Out-of-Domain Land Cover Classification

If you have any questions about this dataset, please reach out to Sherrie Wang (sherwang@berkeley.edu).

While ground truth labels are scarce in low-income regions, they can be plentiful in high-income regions. This suggests that a second strategy for increasing performance in label-scarce regions is to transfer knowledge learned from classifying land cover in high-income regions to low-income ones.

Two example tasks with example support time series from the MODIS satellite.

Dataset Overview

We release the global dataset of satellite time series from [1]. The dataset contains data from 692 regions of size 10km x 10km around the globe; for each region, 500 latitude/longitude coordinates are sampled for their satellite time series and land cover type.

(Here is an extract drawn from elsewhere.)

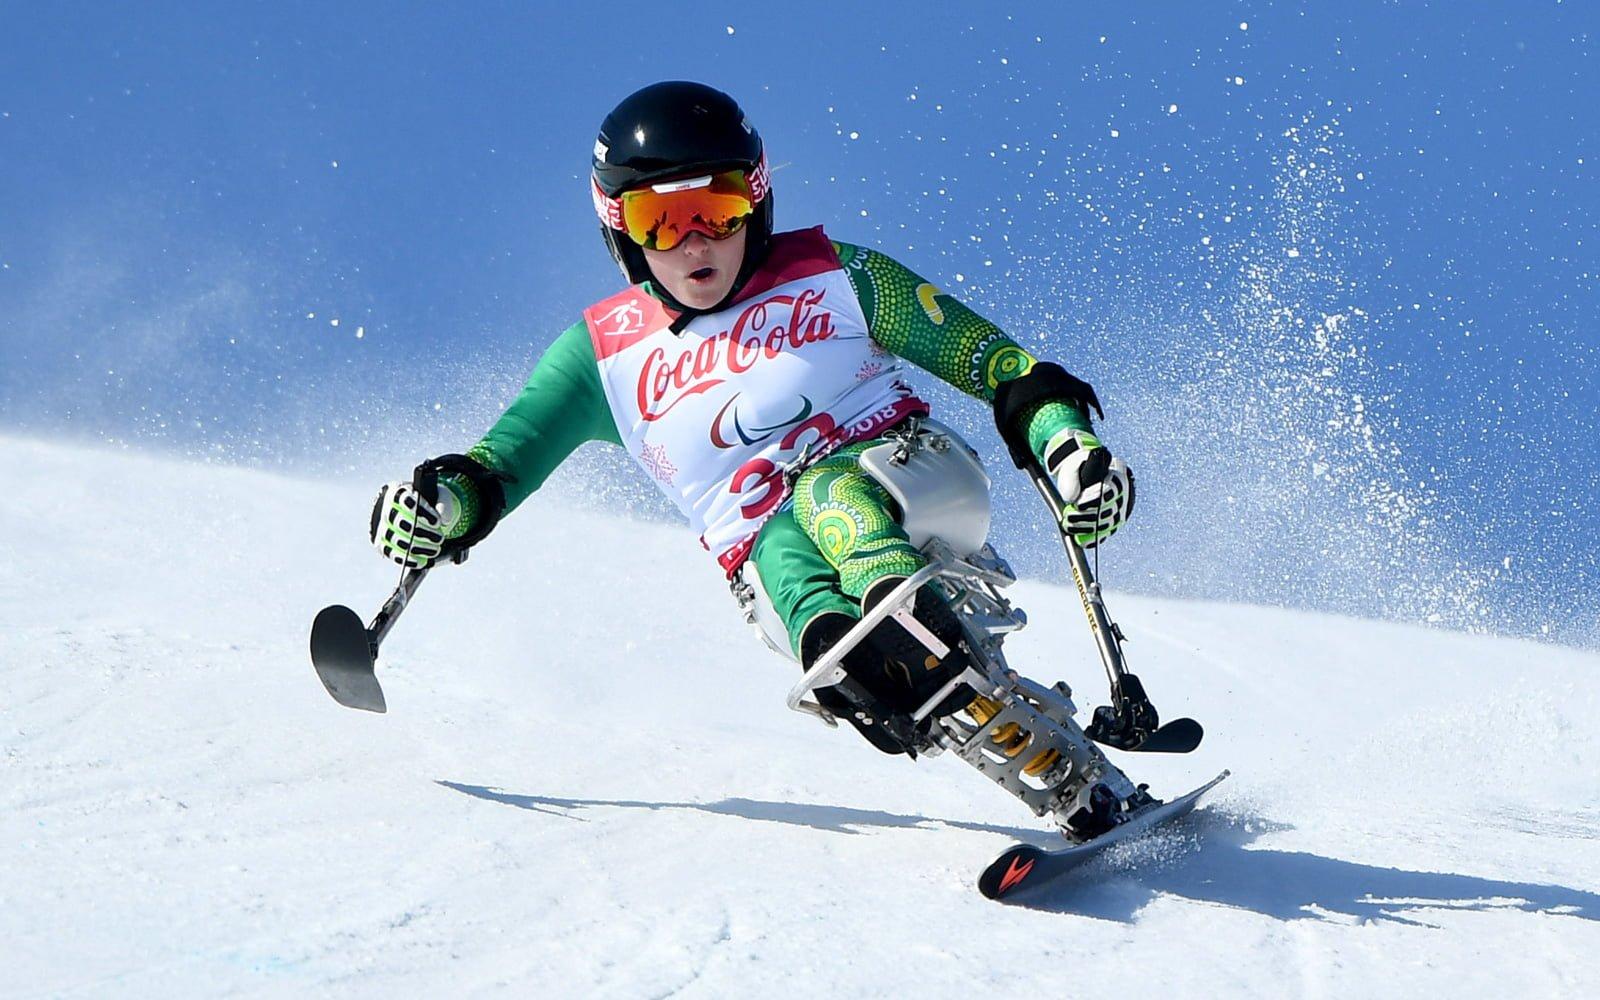 Dual Winter Paralympian Tori Pendergast Announces Retirement
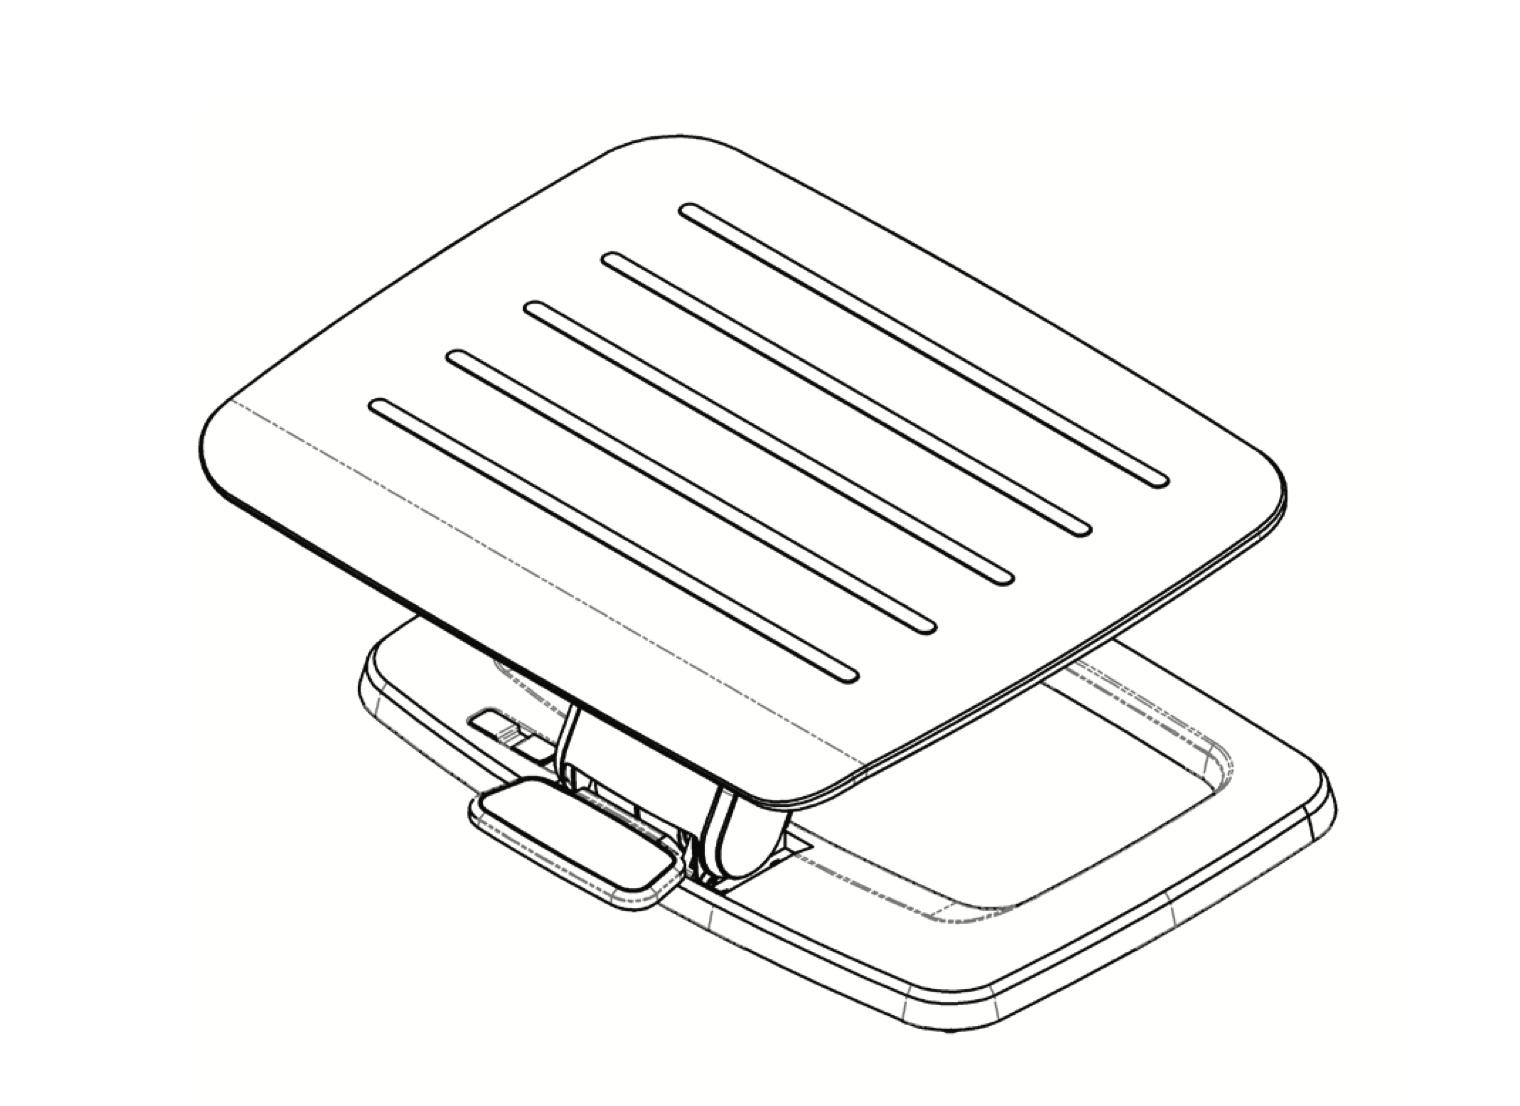 esi hana adjustable foot support line drawing 1

Global regions split by continent into training, validation, and test sets.

Input

The input is time series from the MODIS satellite over the course of a year. Specifically, in each region, 500 points were sampled uniformly at random. At each point, the MODIS Terra Surface Reflectance 8-Day time series was exported for January 1, 2018 to December 31, 2018. MODIS collects 7 bands and NDVI was computed as an eighth feature, resulting in time series of dimension 8 x 46.

Output

The output is land cover type at the pixel in 2018. Global land cover labels came from the MODIS Terra+Aqua Combined Land Cover Product, which classifies every 500m-by-500m pixel into one of 17 land cover classes (e.g., grassland, cropland, desert).

Task

[1] defined a task as 1-shot, 2-way land cover classification tasks in each region. Unlike other classification benchmarks in SustainBench, this benchmark uses the kappa statistic to evaluate models because accuracy and F1-scores can vary widely across regions depending on the class distribution, and it is not clear whether an accuracy or F1-score is good or bad from the values alone.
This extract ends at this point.